Tra le istituzioni presenti, oltre al Sindaco Pisapia e buona parte della giunta comunale, anche il ministro delle politiche agricole Maurizio Martina: «E’ ora di una legge sulle unioni civili anche in Italia».
Le varie associazioni riunite nel comitato arcobaleno hanno manifestato nella giornata dell’orgoglio omosessuale dietro lo striscione di apertura: «I diritti nutrono il pianeta» che parafrasa la «missione» dell’Esposizione Universale.
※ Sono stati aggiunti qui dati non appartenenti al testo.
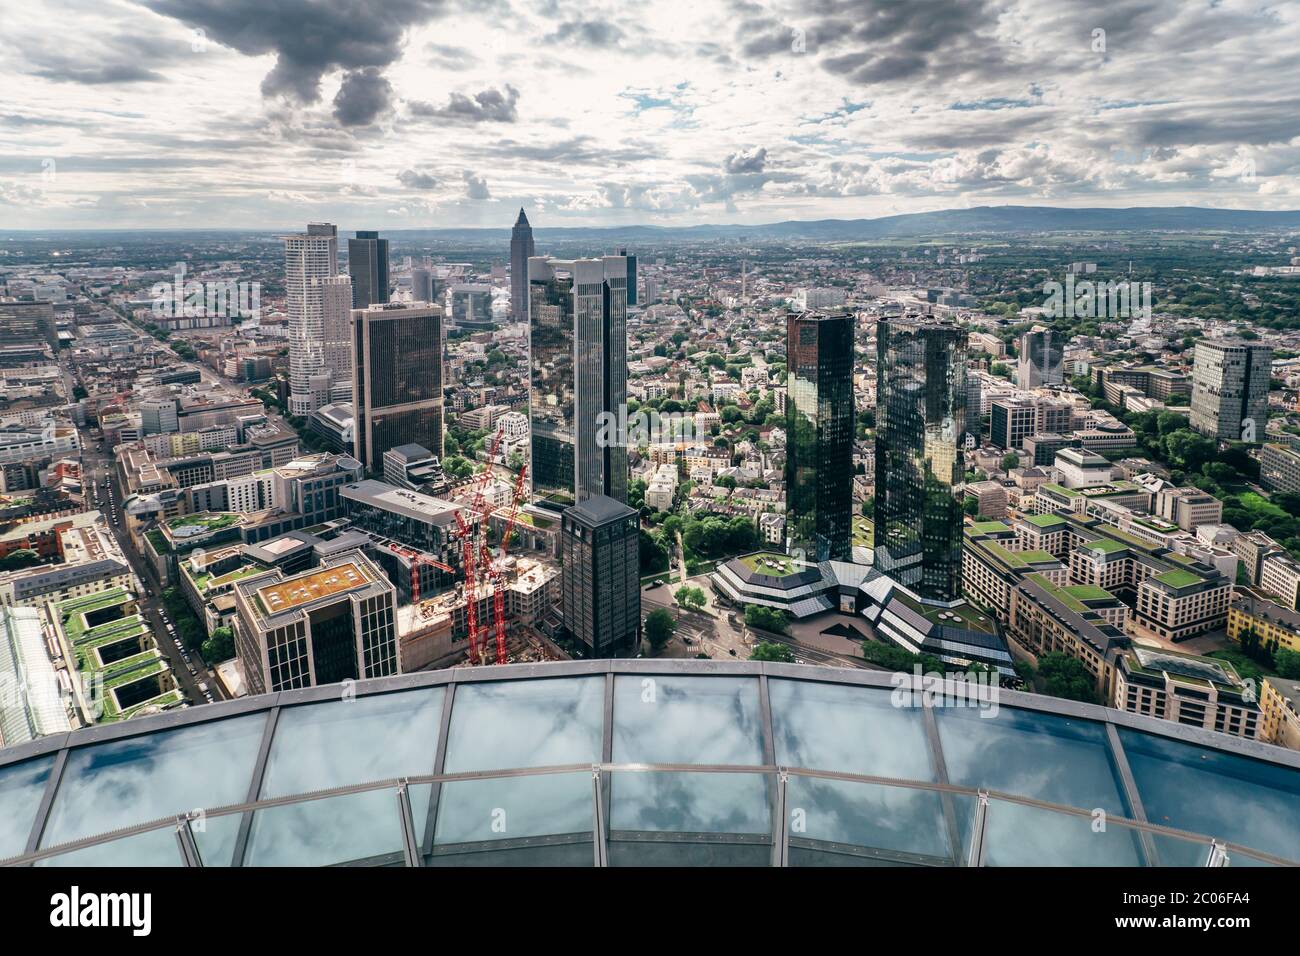 Panorama of Frankfurt with skyscrapers, view from the Main Tower, Frankfurt am Main, Germany Stock Photo

Come slogan, per quest’edizione, è stato scelto un urlo. «Non perché i diritti vadano imposti — aveva spiegato qualche giorno fa Flavio Pellegatta, Presidente di Arcigay, alla conferenza stampa di presentazione a Palazzo Marino — ma perché siamo stanchi di aspettare». «E’ un grido col sorriso quello che oggi tutti insieme lanciamo — ha detto dal palco Pisapia — ma è un grido che, senza risposte alla svelta, diventerà di sdegno e di rabbia».
A conclusione, prima degli interventi dal palco del primo cittadino e di Billi Costacurta, il testimonial della parade di quest’anno, un flash mob «per lanciare un’immagine simbolica». L’anno scorso le fotografie di Corso Buenos Aires inondata dal «Fiume d’amore» con 50 mila cuori sollevati in aria, avevano fatto il giro del mondo. Quest’anno è stata scelta l’affermazione «Sì». Sì, lo voglio pronunciato in un grande matrimonio collettivo. Migliaia di braccia alzate con un cartello che chiede uguaglianza per tutti, un’evoluzione e il riconoscimento dei diritti umani collettivi. «Sì, è la risposta dell’amore, l’amore dice sempre: Sì», ha spiegato l’artista Angelo Cruciani, già ideatore del Flash Mob della passata edizione.
E’ stata una manifestazione politica, anche perché è alle istituzioni che la comunità lgbtq si è rivolta per ottenere finalmente in Italia quello che in molti Paesi, anche nella cattolicissima Irlanda, è ormai normalità. La sentenza della Corte Suprema americana, con un linguaggio insolitamente emotivo, dice «che il matrimonio è una questione di libertà, di manifestazione della propria dignità di esseri umani. Attraverso il matrimonio gay e lesbiche possono superare la solitudine e l’esclusione che li ha caratterizzati per decenni».
E tra queste parole e noi c’è davvero di mezzo il mare.